Шалинский рейд: роман - Садулаев Герман Умаралиевич 20 стр.


Получив из моих рук оружие, Артур посмотрел на меня с какой-то ребячьей благодарностью и преданностью.

– Показать тебе, как эта штука устроена? – спросил я его с сомнением.

Я думал, молодой чеченец оскорбится и отвергнет мою помощь. Еще бы, ведь мы говорим, что у нас каждый мальчик чуть ли не рождается в разгрузке, напичканной полным боекомплектом! Но Артур сказал просто и беспомощно:

– Да. Я никогда не держал в руках автомат.

– Ну, пойдем.

Мы присели на камни за полуобвалившейся стеной, и я показал парню, как ставить автомат на предохранитель, на стрельбу одиночными, на стрельбу очередями, как менять рожок, как целиться, совмещая прорезь прицела и мушку. Как правильно упереть приклад в плечо, чтобы дуло не дергалось при отдаче.

– Стрелять не будем. Соблюдаем шумовую маскировку.

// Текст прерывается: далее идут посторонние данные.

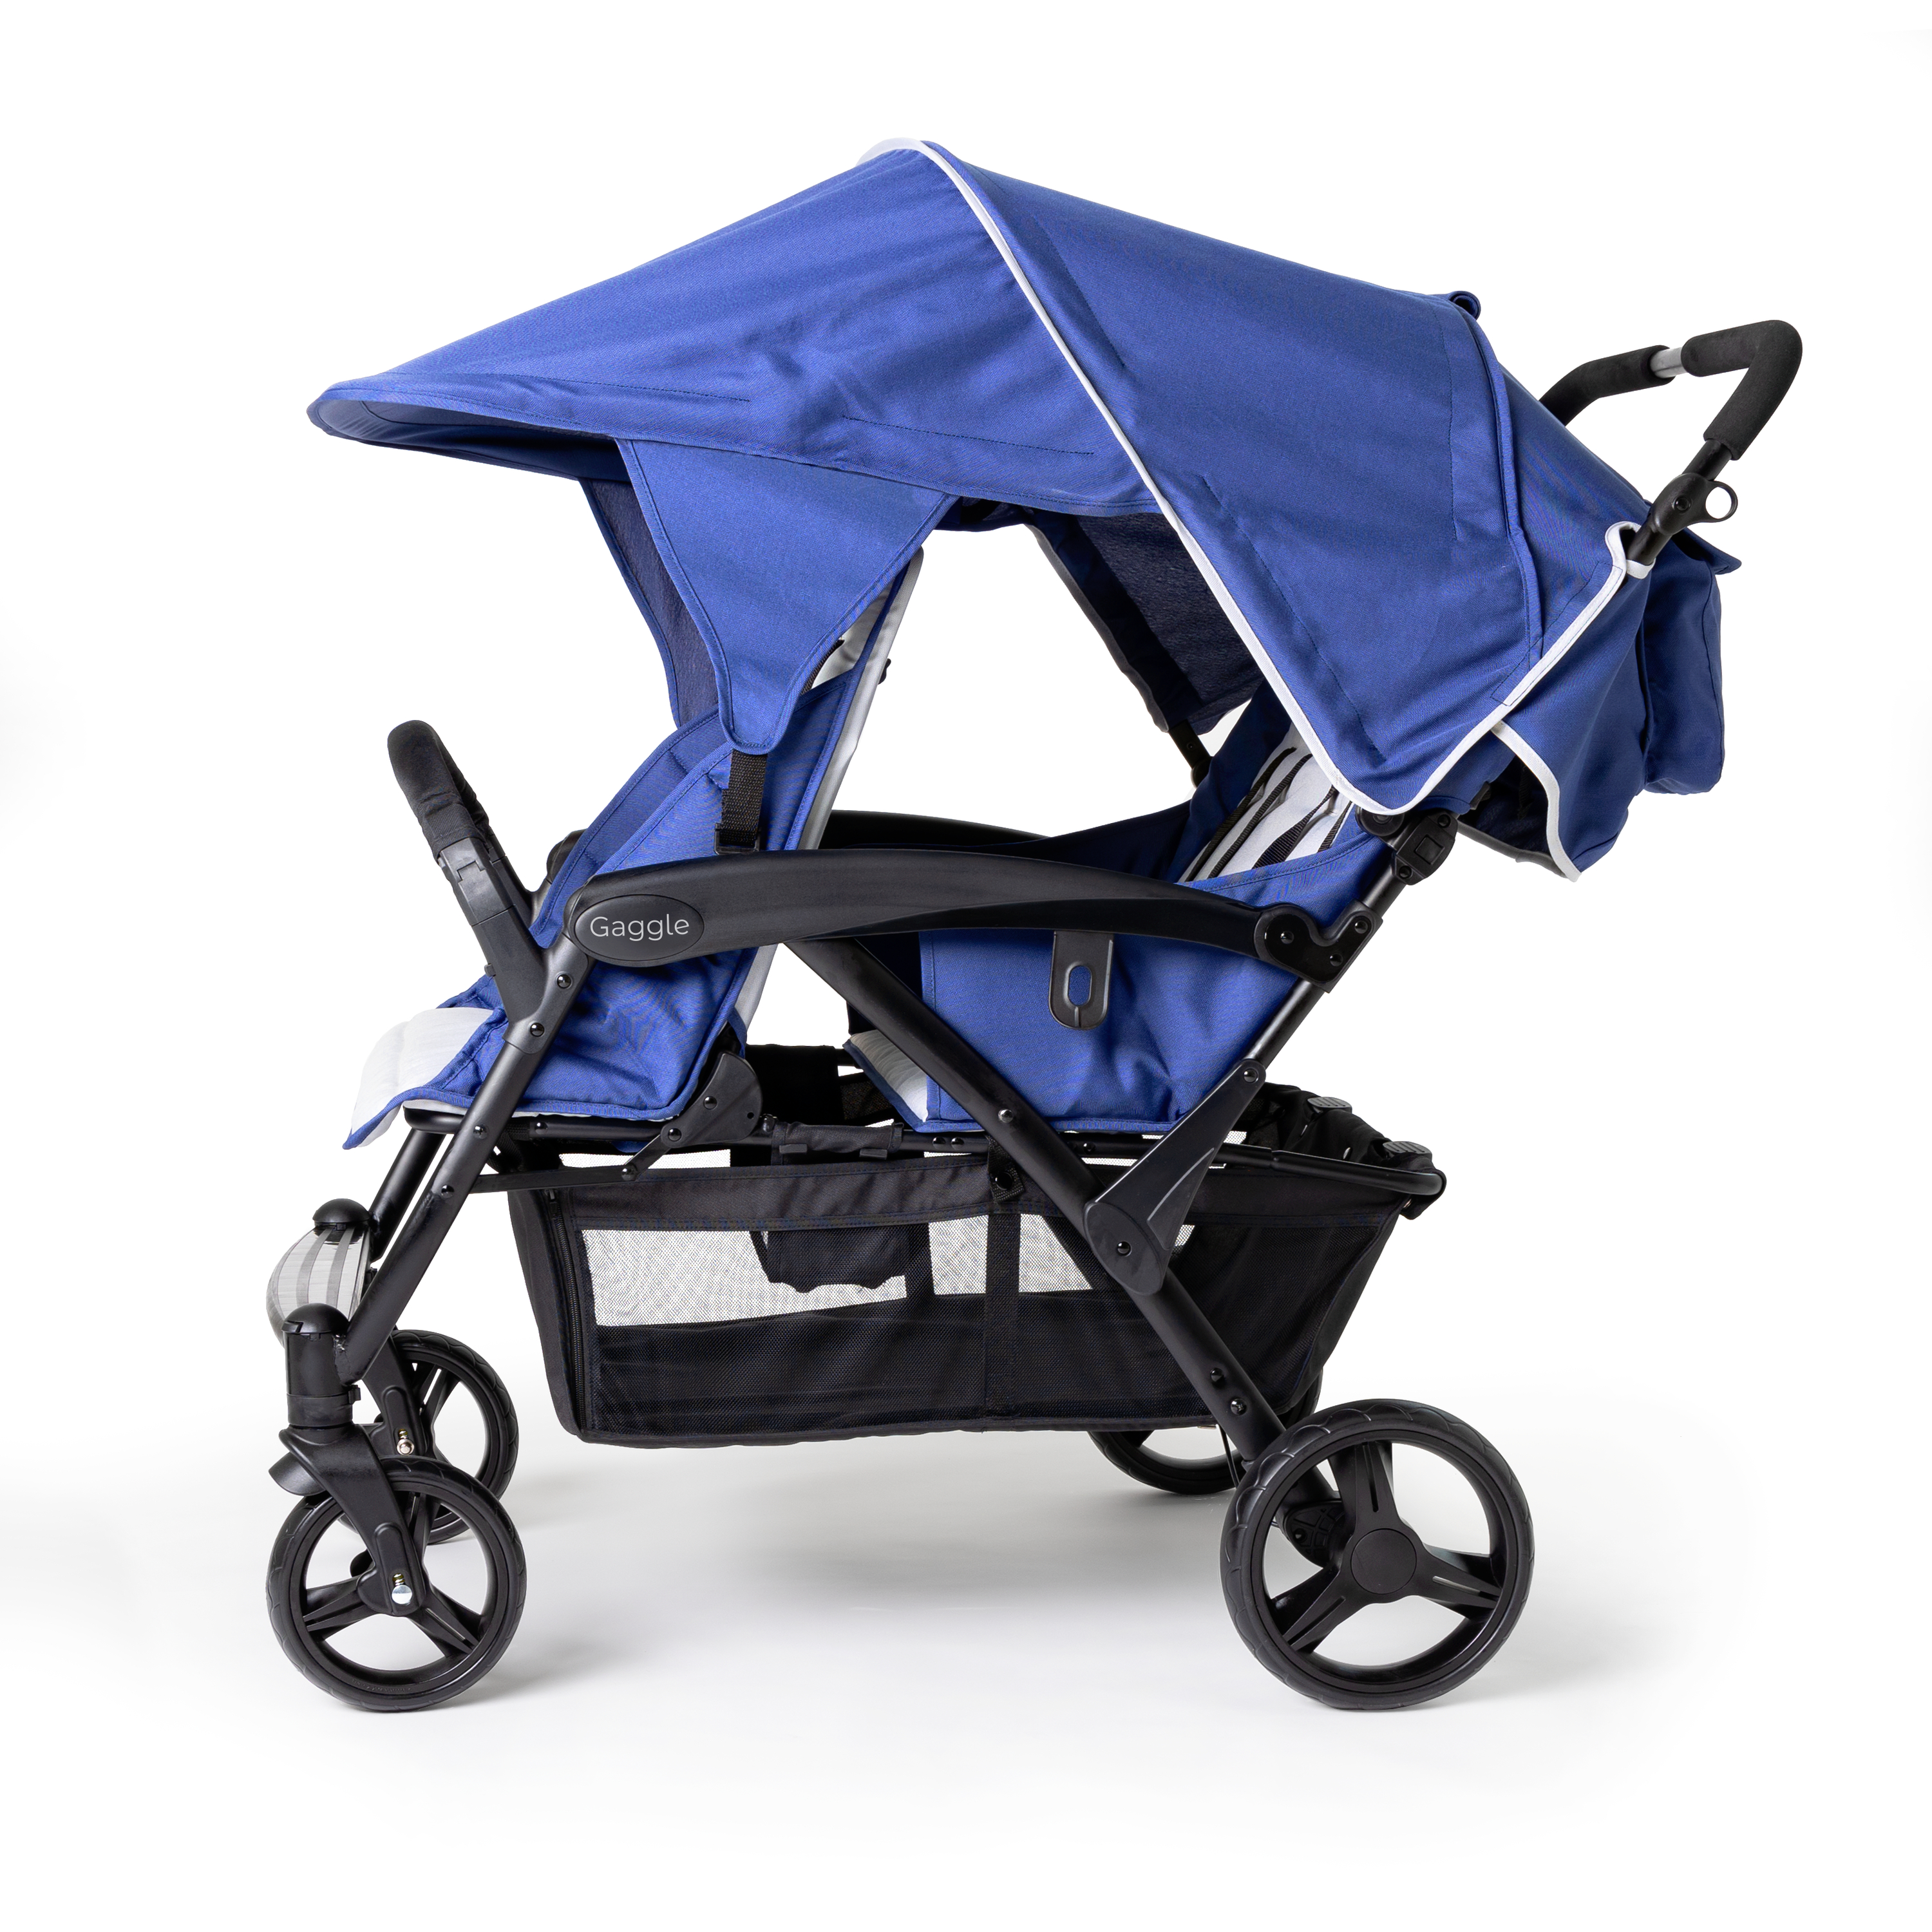 Gaggle Odyssey 4x4 quad kinderwagen / buggy voor 4 kinderen in blauw/zwart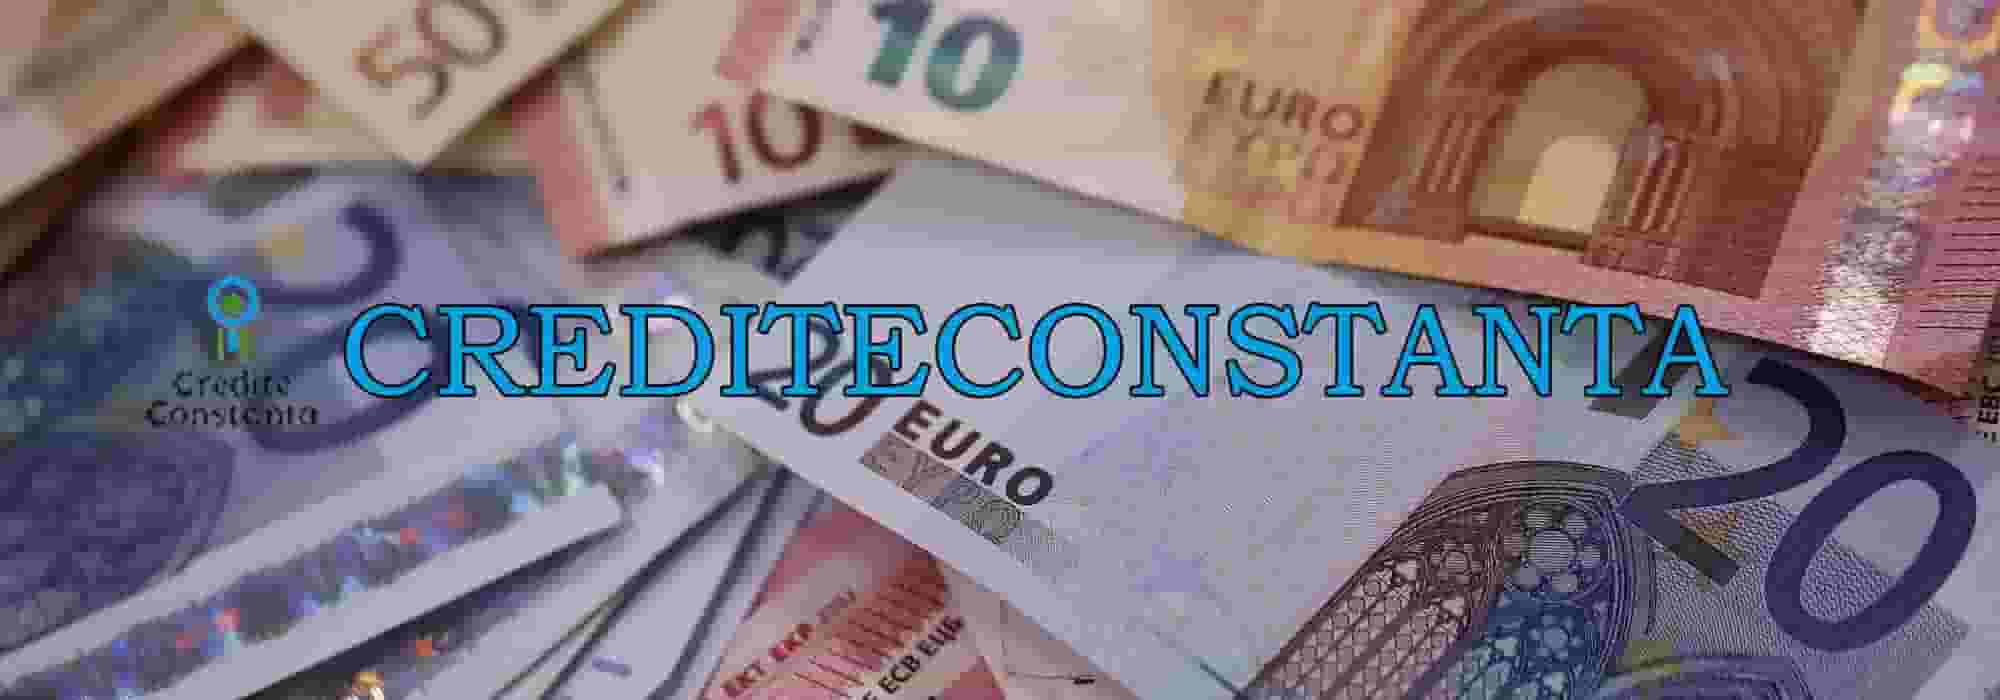 Credite Constanta Euro

Артур, казалось, был несколько разочарован. Я подбодрил:

– Успеешь еще настреляться!

Я ошибался.

Он не успел.

Не успел выстрелить из подаренного мной автомата ни одной пули, ни одной очереди. Ему не пришлось менять рожок. И даже снимать автомат с предохранителя.

Он остался невинным, как невеста, жених которой сбежал с собственной свадьбы. Он остался девственником. Девственником войны.


Мы оставили Шали 17 декабря 1999 года. Два дня до этого в органах власти Ичкерии шли лихорадочные сборы. Таскали туда-сюда документы, выносили мебель – куда? Не в горы же. Наверное, по домам родственников. Некоторые кабинеты заколачивали, другие оставляли открытыми и пустыми. Больших ичкерийских чинов в Шали оказалось много, даже перебор. Одних только министров семь штук! Куда они подевались после сдачи села – непонятно. К нашему отряду не присоединился почти никто. Выбрались своими путями, по своим маршрутам, к своим важным делам. Кто-то уже тогда начал двигаться за границу, кто-то укрылся у родственников, другие уехали к штабу в Ведено.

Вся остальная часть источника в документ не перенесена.